PG-13: Parents Strongly Cautioned — Some material may be inappropriate for children under 13.
R: Restricted — Under 17 requires accompanying parent or adult guardian.
NC-17: Adults Only — No one 17 and under admitted.
NR (Not Rated): This content has not been formally rated by a rating organization.
TV-G: General Audience — Suitable for all ages.
TV-PG: Parental Guidance Suggested — Contains material that parents may find unsuitable for younger children.
TV-14: Parents Strongly Cautioned — Contains material that many parents would find unsuitable for children under 14 years of age.
TV-MA: Mature Audience Only — Specifically designed to be viewed by adults and therefore may be unsuitable for children under 17.
TV-Y: All Children — Designed to be appropriate for all children.
TV-Y7: Directed to Older Children — Designed for children age 7 and above.
TV-Y7-FV: Directed to Older Children — Fantasy Violence — Suitable for children age 7 and above with more intense or fantasy violence.
UR (Unrated): This content has not been rated by the MPAA.
- The chart reveals that most content falls under TV-MA and R ratings, suggesting a significant focus on adult audiences.
- Movies dominate the R category, indicating a robust selection of films with mature themes. C
- Conversely, TV Shows are more prevalent in TV-MA, reflecting a trend towards series tailored for an adult viewership.
- The presence of family-friendly content is also notable in ratings like TV-Y and G, though these categories feature fewer titles compared to adult-oriented ratings.

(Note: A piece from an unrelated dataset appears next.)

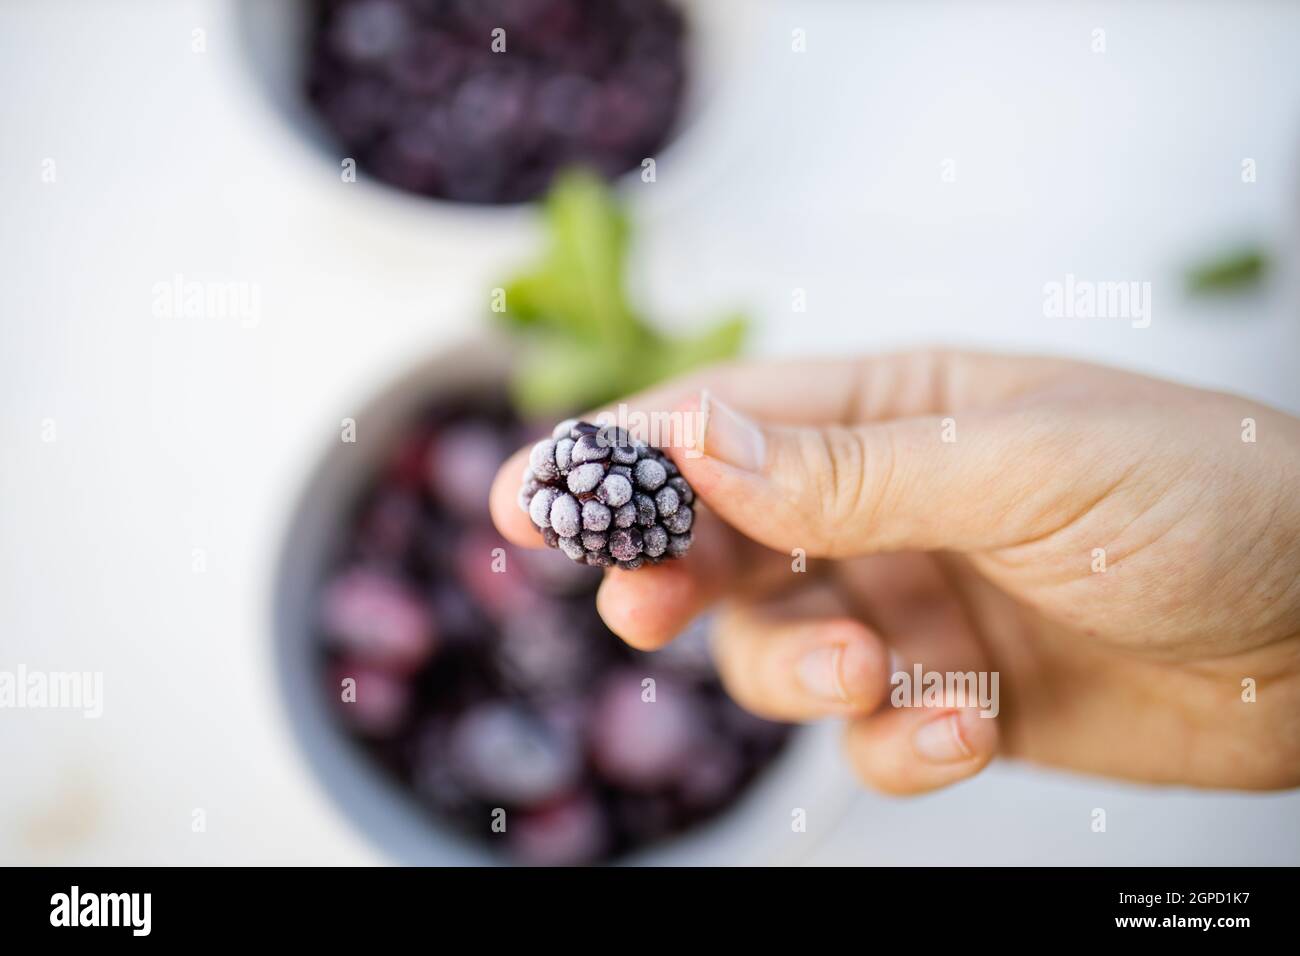 Main femelle tenant le blackberry frais au-dessus de plus de baies dans le bol. Feuilles de menthe et baies floues sur la table par le dessus. Préparation de desserts fruités Banque D'Images

7. Influential Directors in Netflix’s Catalog
This analysis segment focuses on understanding which directors have the most titles listed on Netflix.
The process involves splitting multiple director names listed under a single title, counting their occurrences, and identifying the top 10 directors.
# Processing directors data,
director_counts = df_cleaned['director'].str.split(', ').explode().value_counts().reset_index()
director_counts.columns = ['Director', 'Count']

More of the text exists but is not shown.